Некоторые танцоры довольно быстро оторвались друг от друга, и рассеянно смотрели по сторонам, не обращая внимания на своих партнеров. Большинство из них, однако, продолжали раскачиваться, потеряв голову от удовольствия, с лицами, соединенными воедино.

Песня смолкла, и наконец все отделились и начали болтать. Одна из девушек закурила длинную сигарету, сделанную из газеты, и пускала ленивые клубы дыма. Каждый мужчина отползал в сторону от девушки, с которой танцевал, и садился рядом со следующей в ряду, так что все, как в танце Пола Джонса, поменялись партнерами. Как только пение возобновилось, танцоры начали раскачиваться, и снова, когда песня достигла кульминации, лица встретились и раскачивались щека к щеке.

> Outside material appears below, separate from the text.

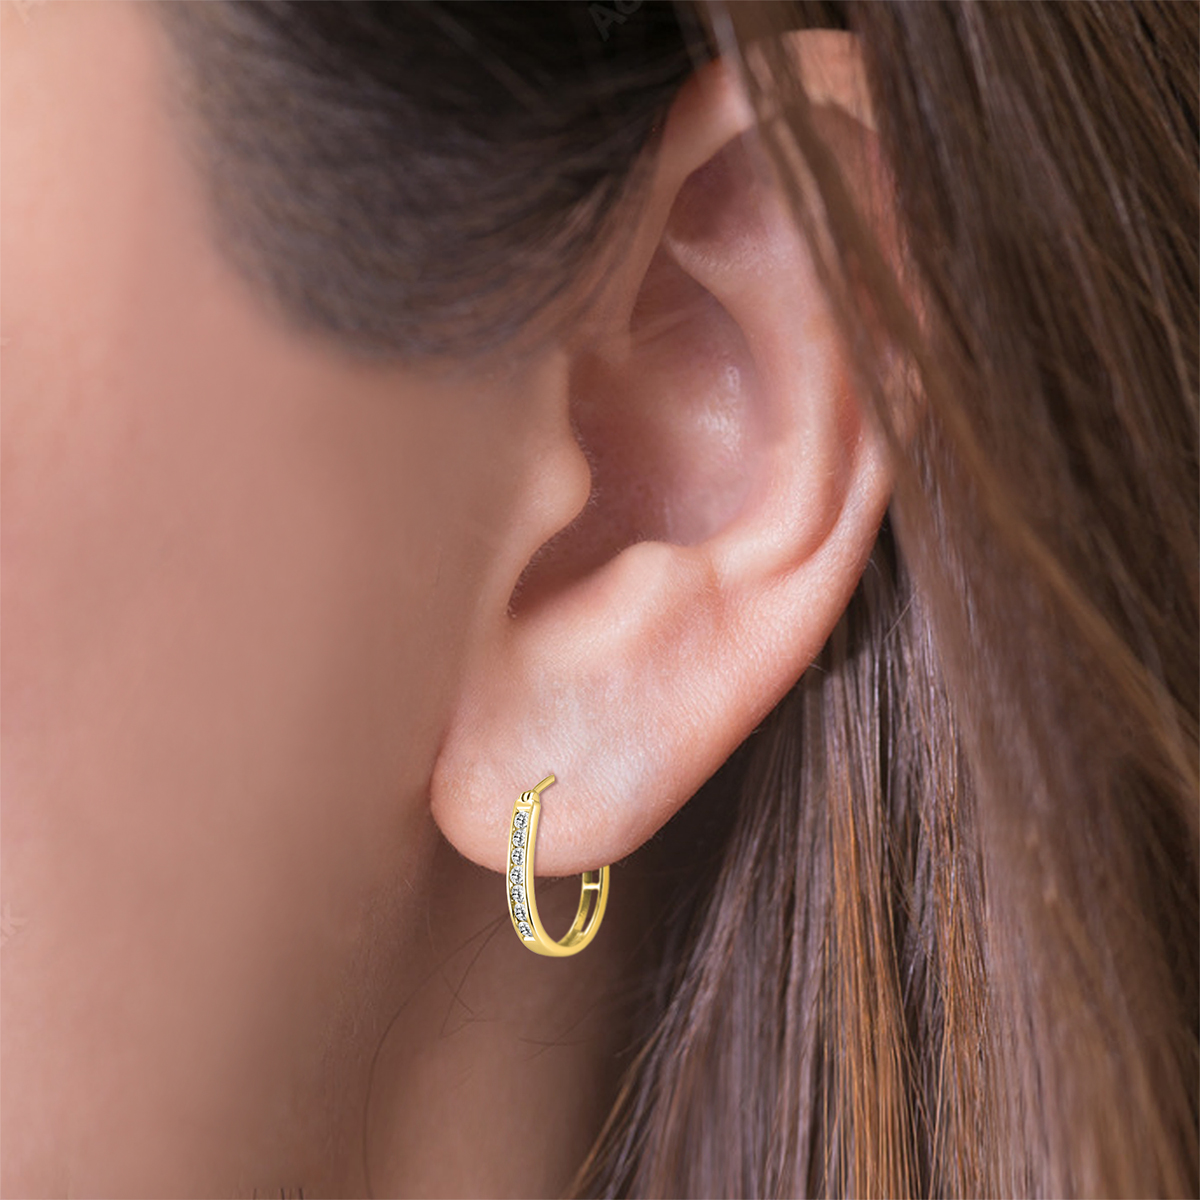 szul.com 1/2 Carat TW Diamond Hoop Earrings in 10k Yellow Gold

Несколько часов мы просто сидели и смотрели. Стало так жарко, что я снял рубашку. Огонь едва тлел, и под конец единственное, что я мог разглядеть в танцорах, был блеск смазанного маслом тела или движущаяся тень крыла белой совы, которое один из мужчин носил на своей шапочке.

Одна из смуглых фигур неподалеку от меня издала хитрый смешок. Это был Гарай.

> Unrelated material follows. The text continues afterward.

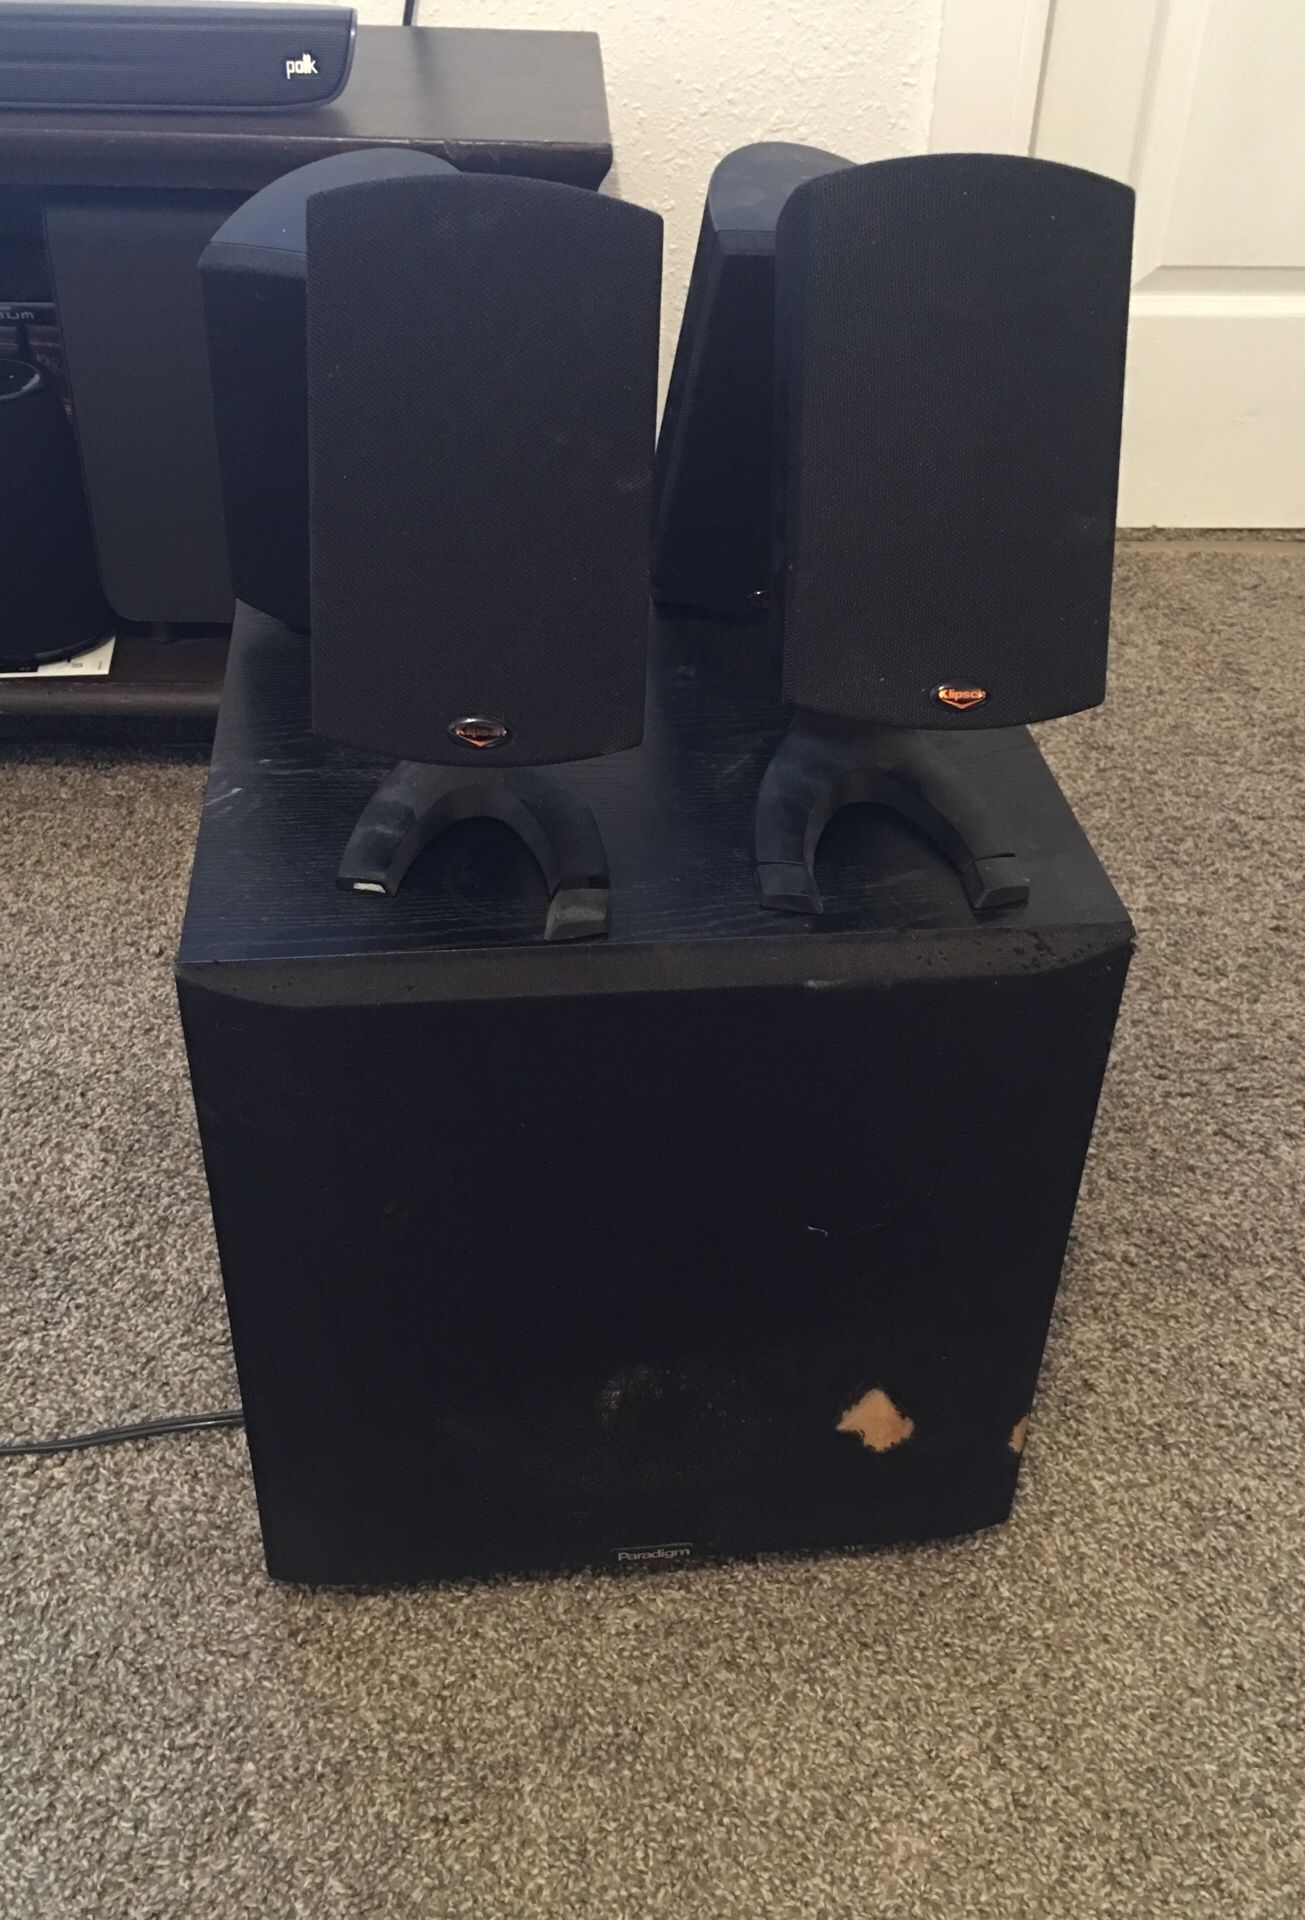 Klipsch surround speakers and paradigm powered sub

Он прошептал: «Эй, смотри» — и указал на пару, которая отделилась от общего танца и сидела в тени. Руки их обвивали друг друга, а ноги девушки лежали на коленях мужчины.

«Сплели ноги», — сказал Гарай.

В ходе церемонии канана танцорам запрещено трогать друг друга. Они могут касаться только лицами. За соблюдением правила следил старик, сидевший в центре. Но девушки энтузиазмом, с которым они трутся носами, могут показать, нравятся им их партнеры или нет. Если в паре оба привлекают друг друга, то они могут покинуть ряд танцоров и «сплести ноги», и такая симпатия, завязанная во время кананы, часто приводит к браку. Все это очень похоже на субботние танцы в Англии.

К трем часам ночи ряды танцоров значительно поредели. Мы вылезли из хижины в холодную ночь.


На следующий день Гарай, выглядящий очень уставшим, но не растерявшим своей кипучей энергии, сопровождал нас на прогулке по близлежащим холмам.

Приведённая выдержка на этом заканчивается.